Tomson Studio is built around a simple idea: a film is more than a prompt. It is a cast, a world, a script, and a sequence of shots that stay consistent. Here is the fastest way to go from an empty project to a finished scene.
1. Create a project
Everything lives inside a project — your characters, locations, props, scripts and episodes. Start by creating one from the sidebar and giving it a name that describes your story.
2. Build your cast and world
Open Personages and add the characters in your story. For each one, write a short description and let the studio generate a reference sheet, or upload an existing image if you already have a look in mind. Repeat the same process for Locations and Attributes (props and recurring objects).

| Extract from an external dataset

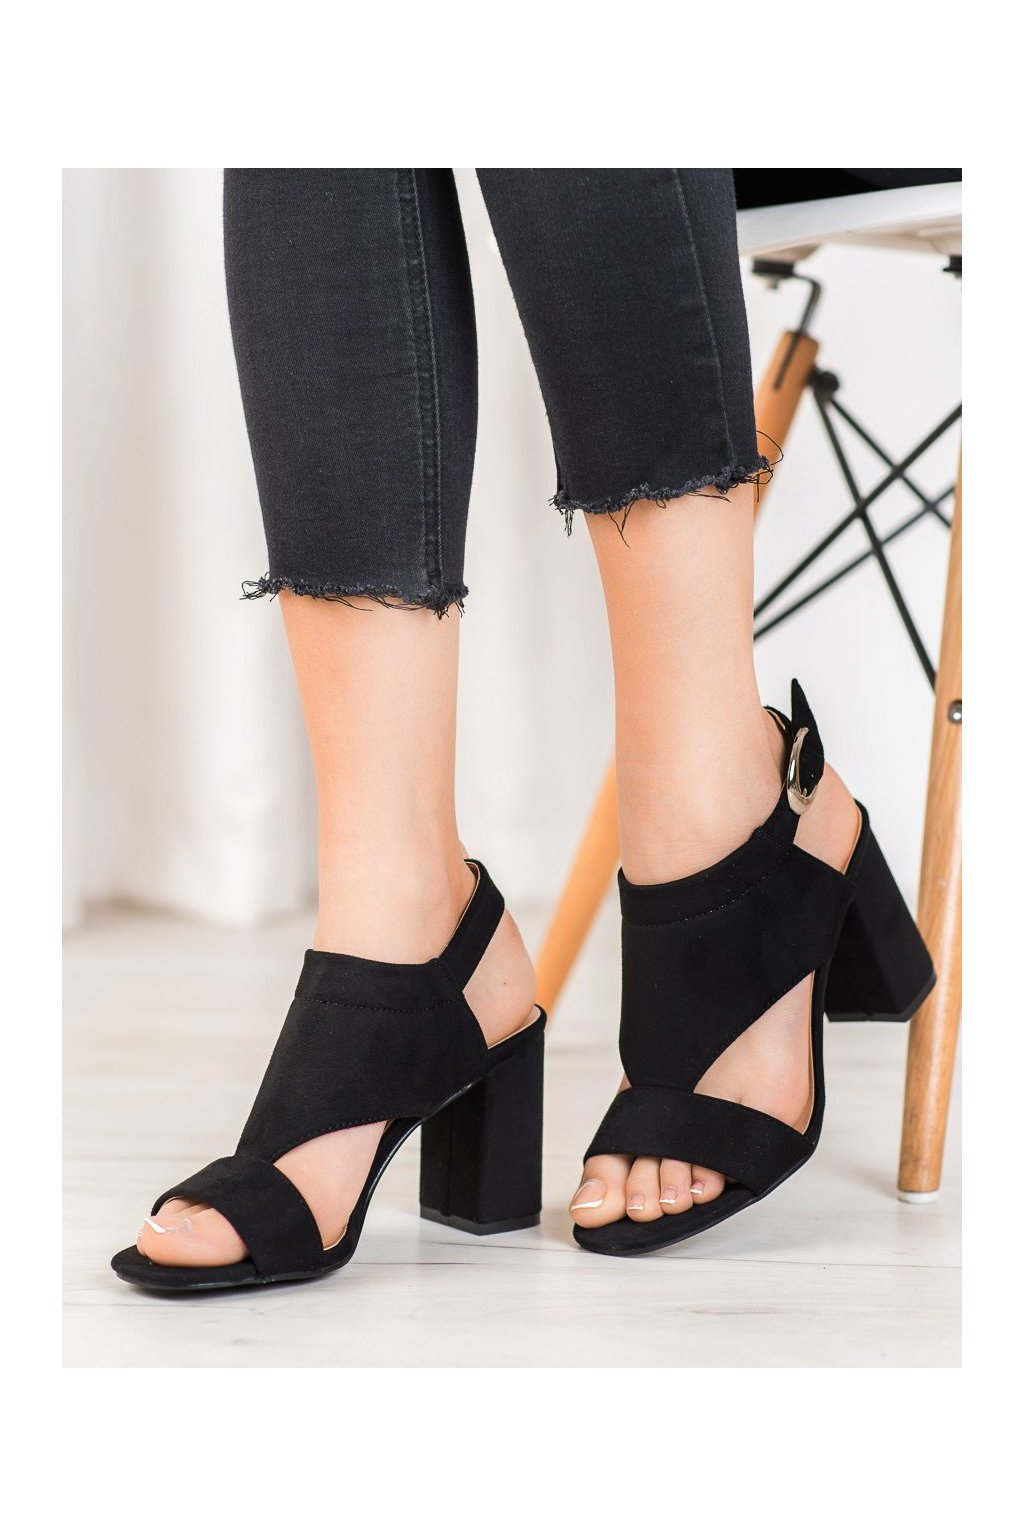 Čierne sandále Vinceza kod YQE20-17053B

These references are the secret to consistency: every scene that includes a character reuses its sheet, so faces and designs do not drift between shots.
3. Write your script
Head to Scripts and describe your premise. Choose a language model, and the studio drafts a structured screenplay you can edit freely. Use it as your blueprint for the scenes to come.
4. Storyboard your scenes
Inside an Episode, create a screen for each shot. Write a prompt, select which characters, locations and props appear, optionally add reference images, and pick the aspect ratio. The references you select are fed into generation to keep the world coherent.
5. Generate, continue, and export
- Generate each scene with the video model that suits the shot.
- Continue from the previous clip's last frame for seamless cuts.
- Stitch selected scenes together and download the final clip — right in your browser.
That is the whole loop. Start small with a single scene, get a feel for how references shape the output, then scale up to a full episode.